[Opening Stored data section]

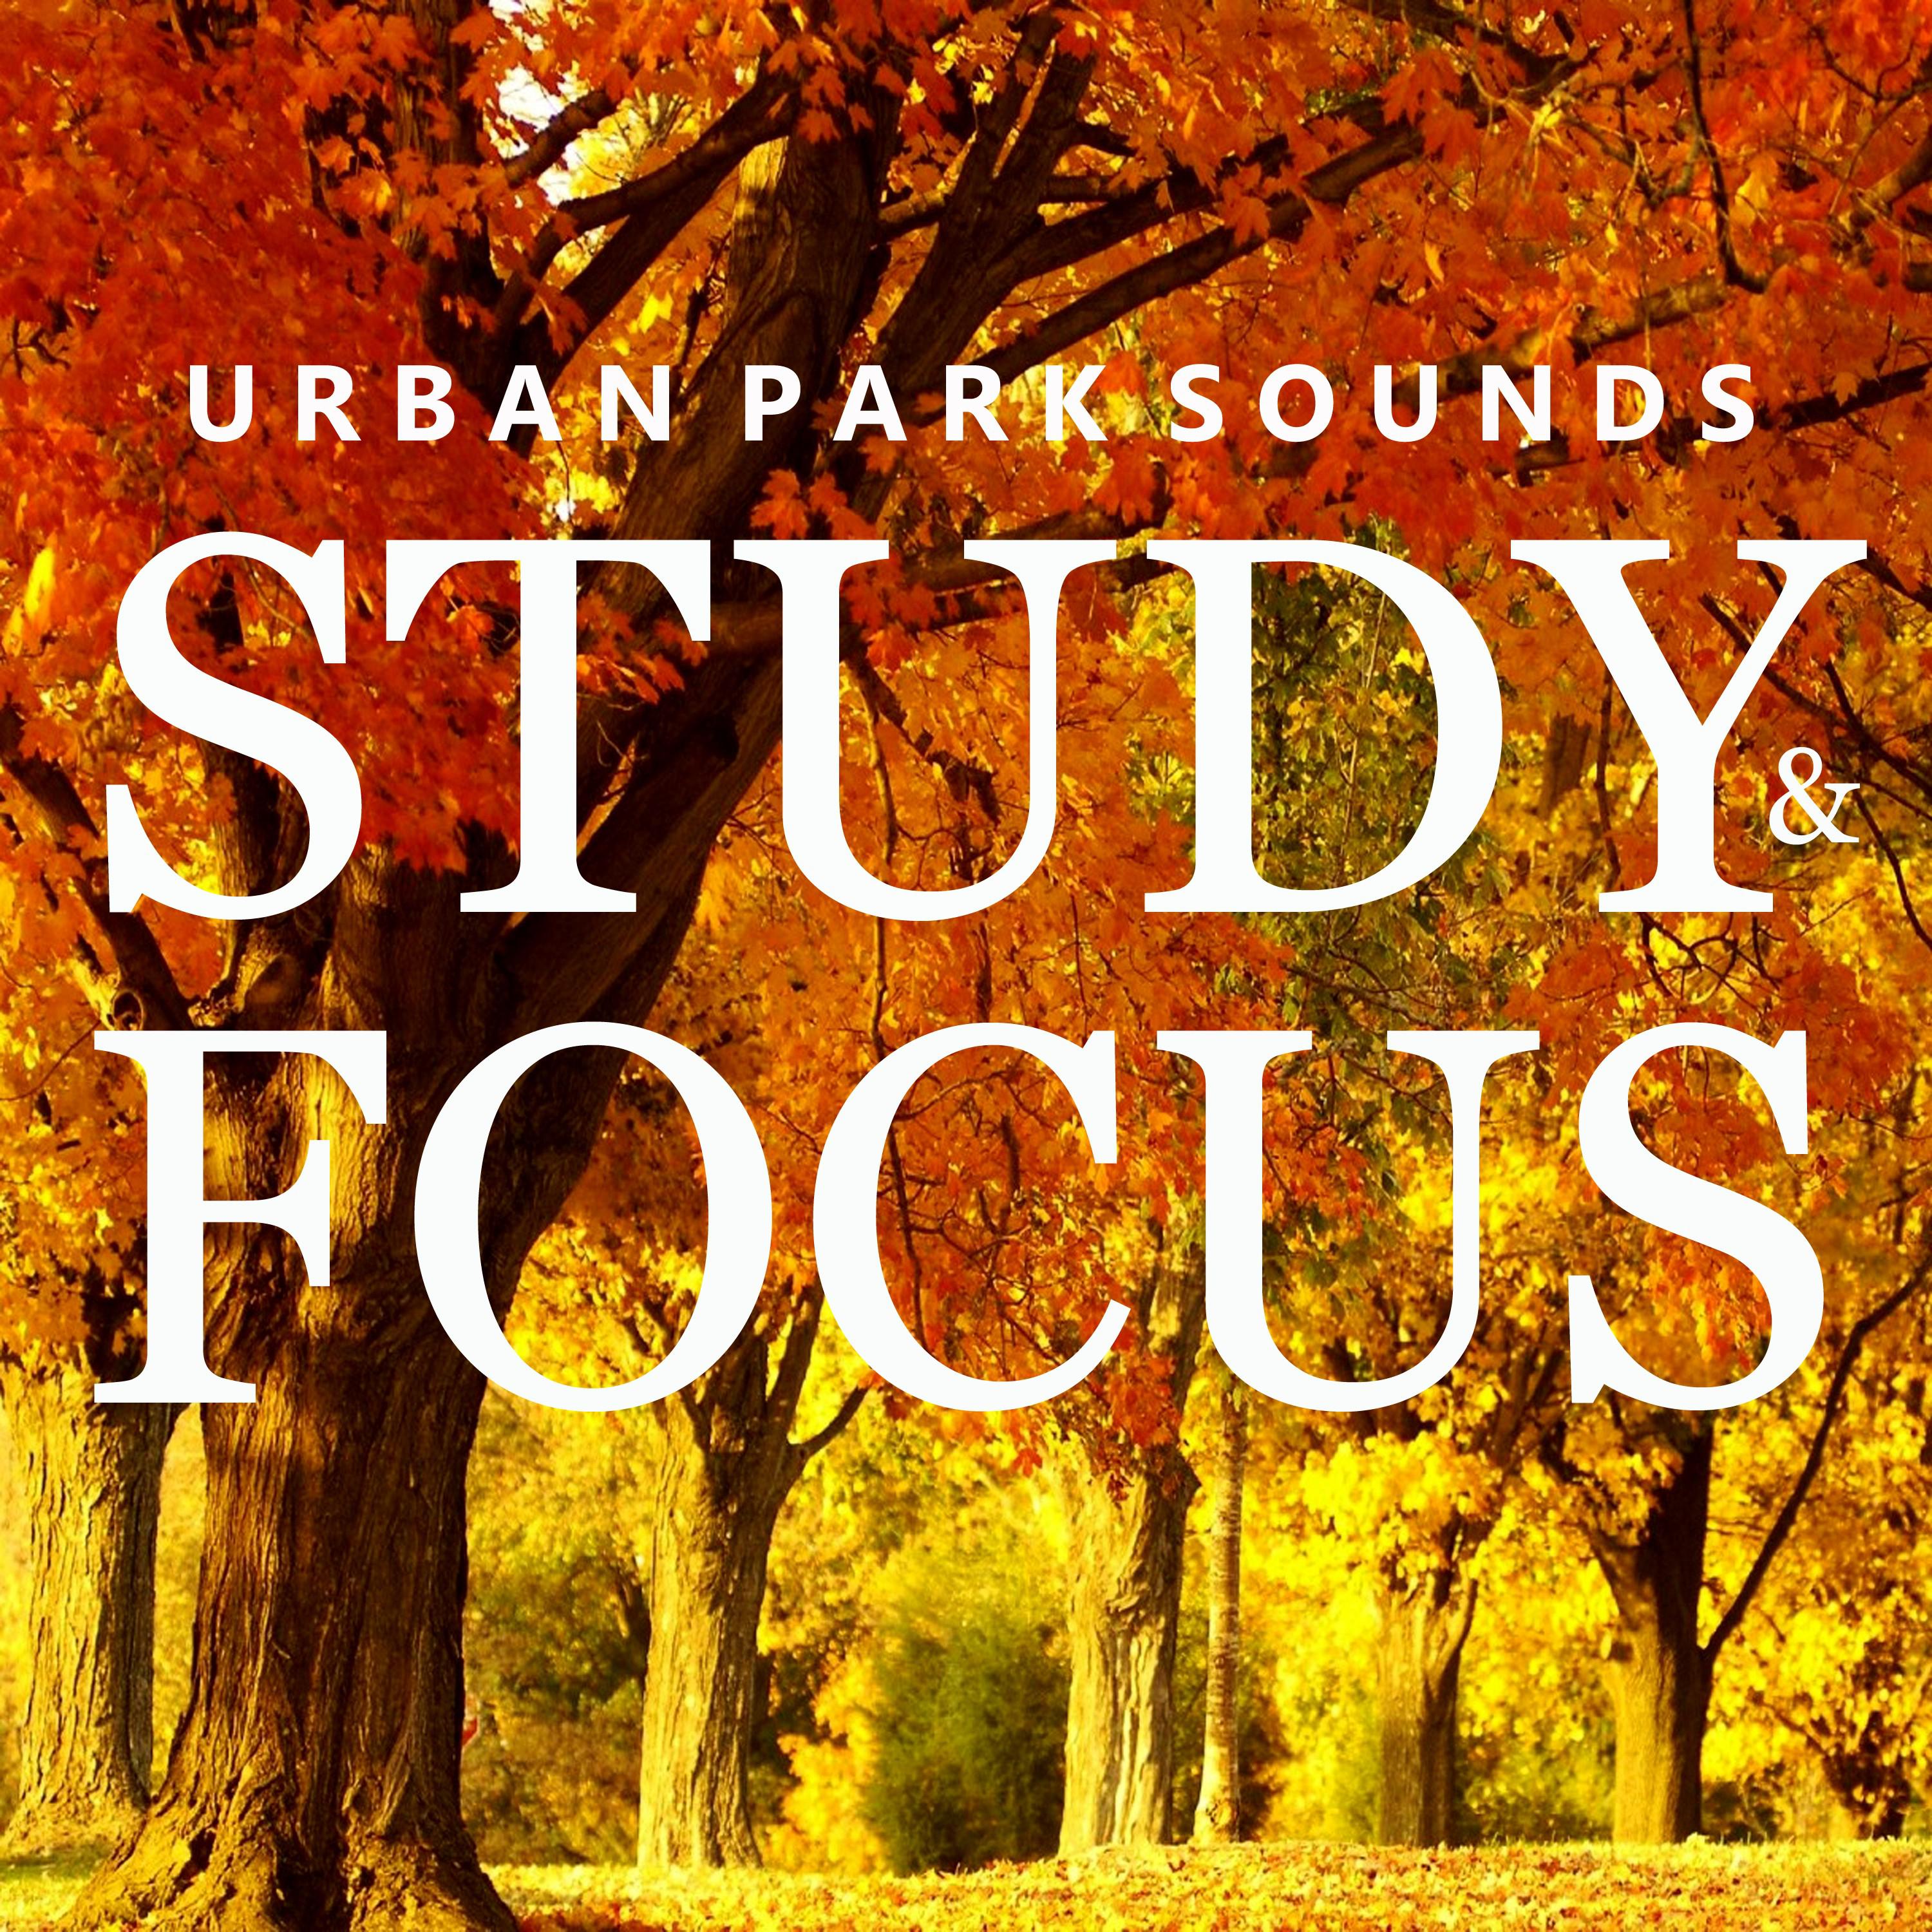 Urban Park Sounds for Studying, Pt. 25
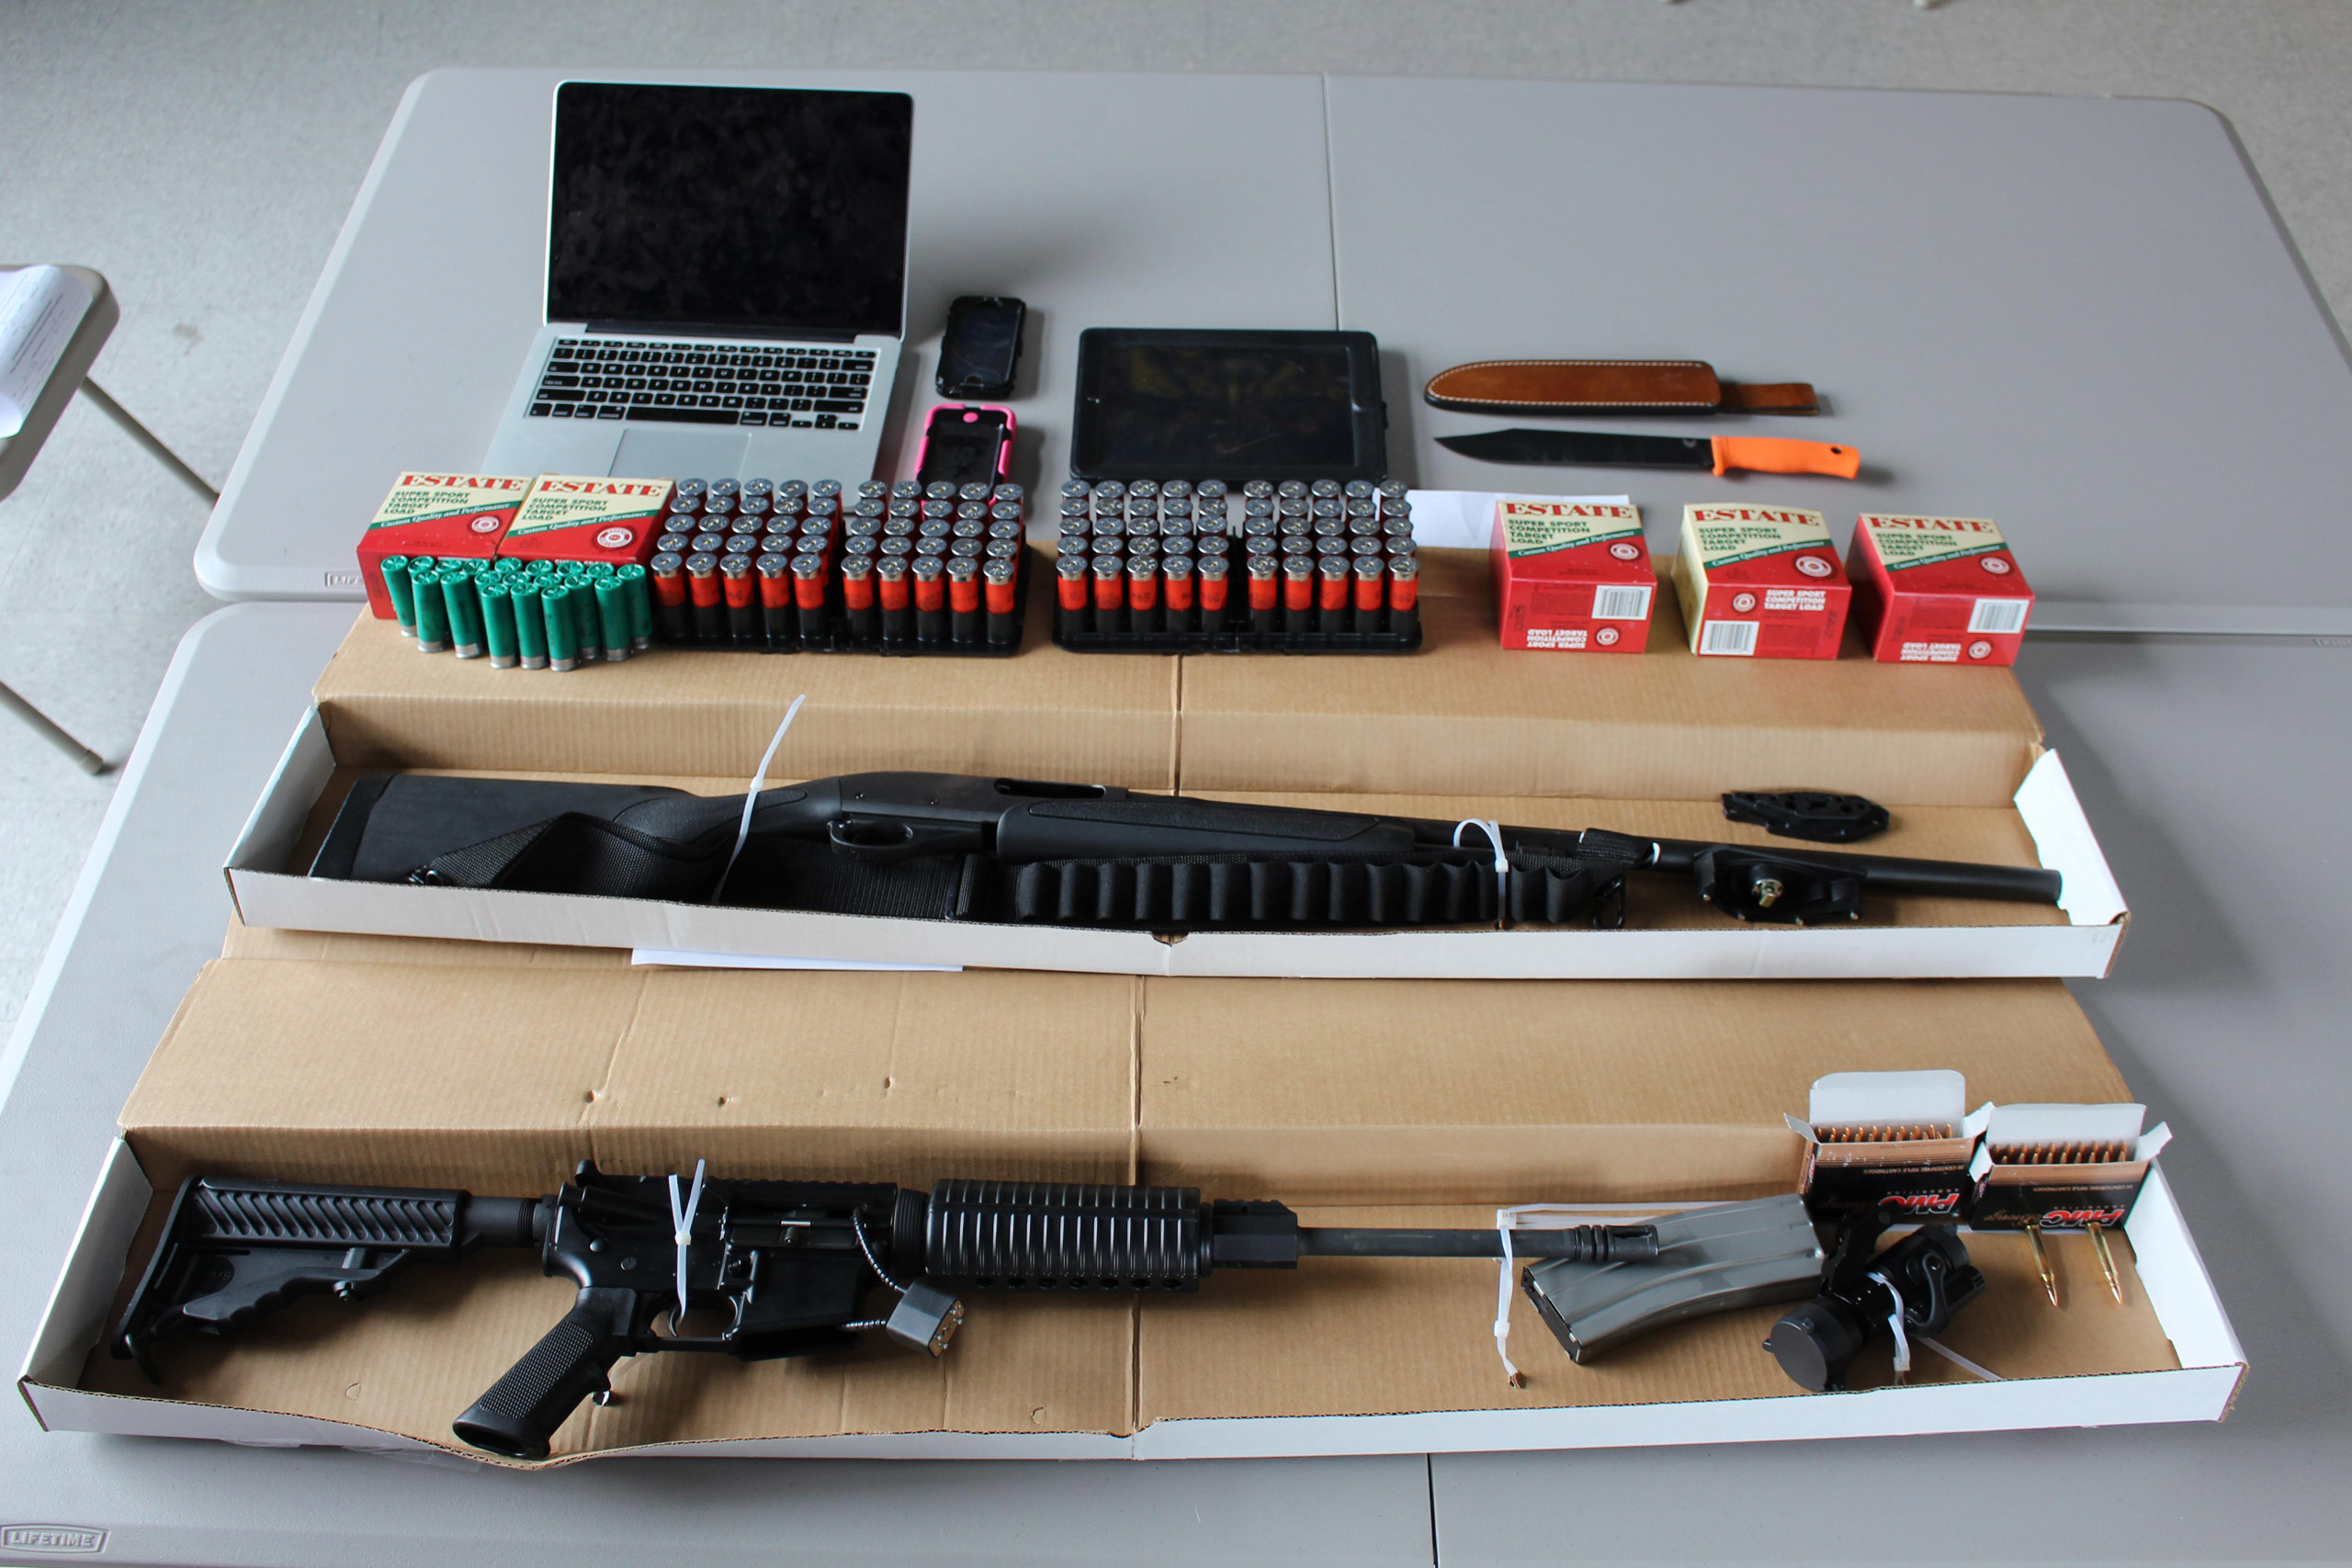 This photo, provided by the Boston Police Department, shows a 12-gauge Remington shotgun, a DPM5 Model AR-15 rifle, several hundred rounds of ammunition, and a hunting knife, confiscated by the police in Boston on Aug. 21, 2015. (Boston Police Department)
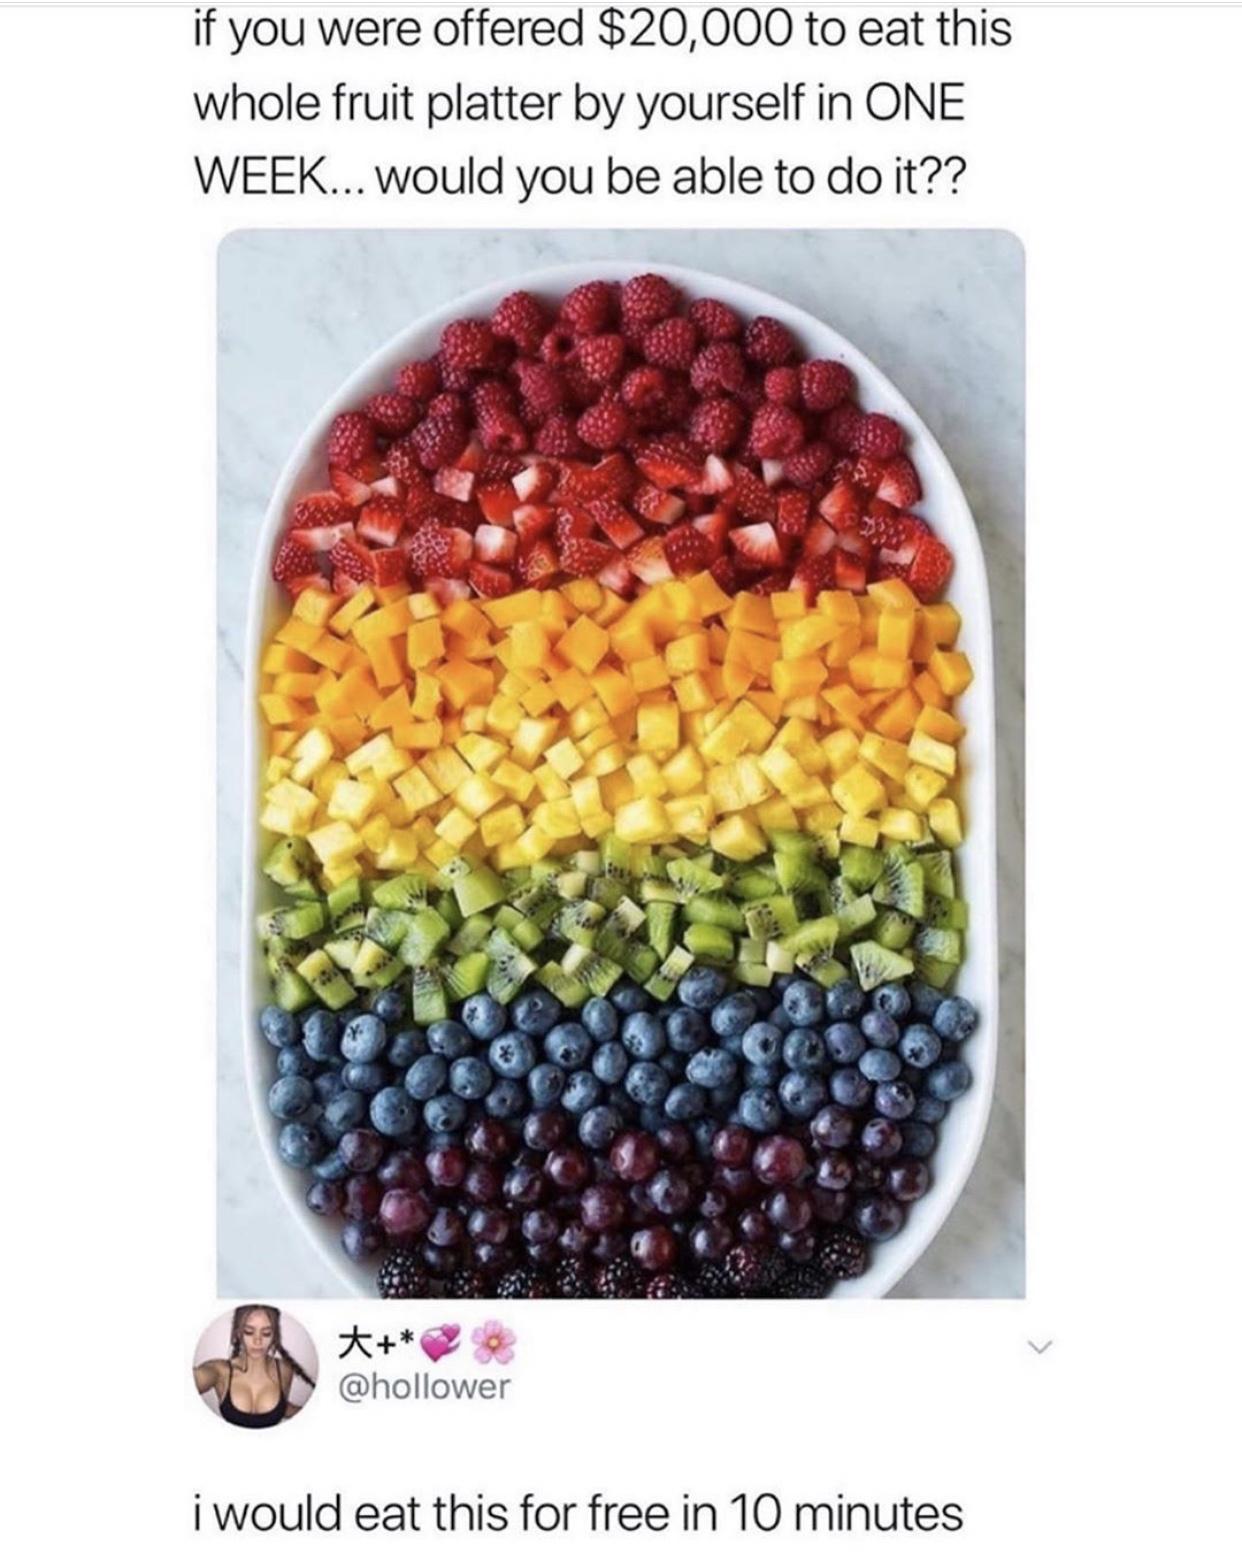 fruit platter rainbow - if you were offered $20,000 to eat this whole fruit platter by yourself in One Week... Would you be able to do it?? i would eat this for free in 10 minutes

[Closing Stored data section]

- _What the task requires_
Restate all of the data word for word and include no pictures.

- _Result of this exercise_
 Urban Park Sounds for Studying, Pt. 25
 This photo, provided by the Boston Police Department, shows a 12-gauge Remington shotgun, a DPM5 Model AR-15 rifle, several hundred rounds of ammunition, and a hunting knife, confiscated by the police in Boston on Aug. 21, 2015. (Boston Police Department)
 fruit platter rainbow - if you were offered $20,000 to eat this whole fruit platter by yourself in One Week... Would you be able to do it?? i would eat this for free in 10 minutes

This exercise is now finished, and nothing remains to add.